Zeroize Compute Nodes

This will power off all of the physical compute and container nodes and remove their public keys

salt 'compute*' system.poweroff
salt-key -d 'compute*' -y

salt 'container*' system.poweroff
salt-key -d 'container*' -y

Zeroize Controller Nodes

If rebuilding the entire environment, this will power off
all of the physical controller nodes as well as remove their public keys.

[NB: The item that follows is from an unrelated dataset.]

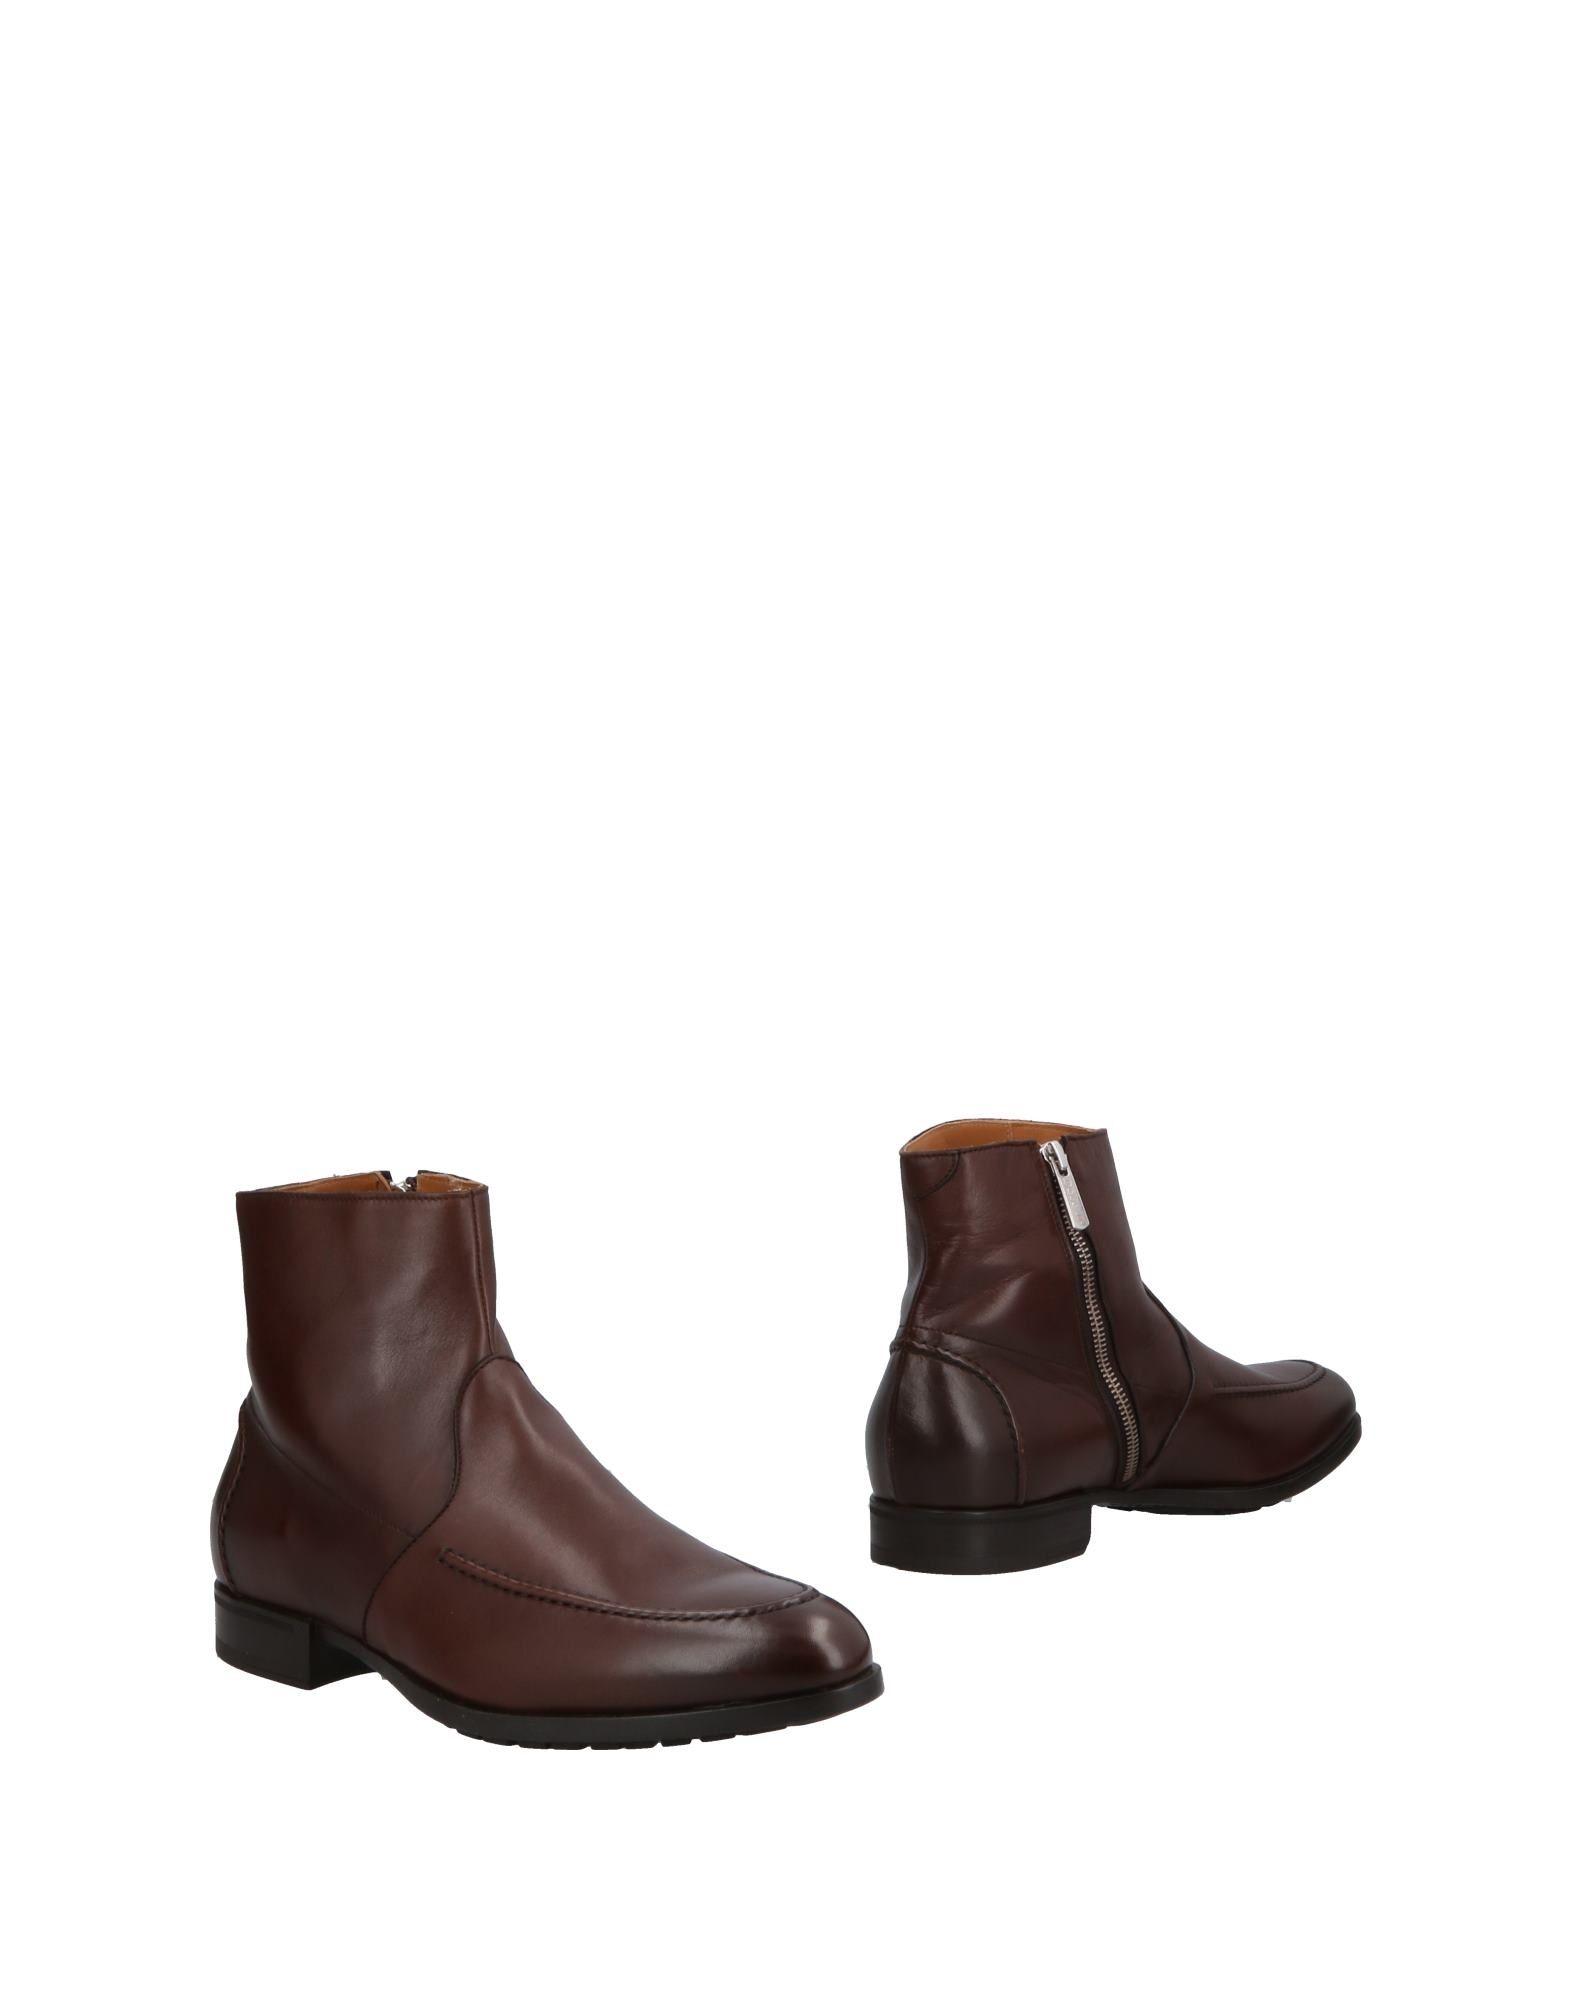 Doucal's Stiefelette Herren  11506323IW Gute Qualität beliebte Schuhe

salt 'controller*' system.poweroff
salt-key -d 'controller*' -y

Our next step will be to clear any and all cached data leveraging our salt master:

#!/bin/bash
# clear any cached assignments for physical pxe boots
salt pxe* cmd.run 'rm -f /var/www/html/assignments/*'
salt pxe* cmd.run 'rm -rf /srv/tftp/assignments/*'
rm -rf /var/cache/salt/master/*

# These system restarts will ensure that Salt pulls up-to-data code
systemctl restart salt-master
systemctl restart salt-minion

# this will ensure all proper salt values are populated
salt '*' saltutil.sync_all
salt '*' saltutil.refresh_pillar
salt '*' mine.update
salt 'salt*' mine.get pxe* redfish.gather_endpoints

Provision Openstack Services

Ensure everything has been high stated before building the services

salt \* state.highstate

Order of operations matter to meet dependency requirements that are
built into the automation

Phase 0

If this is an initial build, the physical controller node will be need to be built first.

salt-run state.orch orch.generate pillar='{"type":"controller"}'

This step requires building of cache first to help save bandwidth for package installations

salt-run state.orch orch.generate pillar='{"type":"cache"}'
salt-run state.orch orch.generate pillar='{"type":"haproxy"}'

Due to current development for a TNSR the your NAT configurations
may need to be manually pointed to the correct internal address for
the haproxy service.

Phase 1

salt-run state.orch orch.generate pillar='{"type":"mysql"}'

If you are rebuilding CEPH, the cephmon nodes need to be rebuilt during this phase.

salt-run state.orch orch.generate pillar='{"type":"cephmon"}'

If using network-ovn as the network backend, the ovsdb node needs to be created

salt-run state.orch orch.generate pillar='{"type":"ovsdb"}'

salt-run state.orch orch.generate pillar='{"type":"etcd"}'
salt-run state.orch orch.generate pillar='{"type":"rabbitmq"}'
salt-run state.orch orch.generate pillar='{"type":"memcached"}'
salt-run state.orch orch.generate pillar='{"type":"bind"}'

These four services can be provisioned simultaneously

Phase 2

salt-run state.orch orch.generate pillar='{"type":"keystone"}'

If you are rebuilding CEPH, then storage node needs to be rebuilt during this phase.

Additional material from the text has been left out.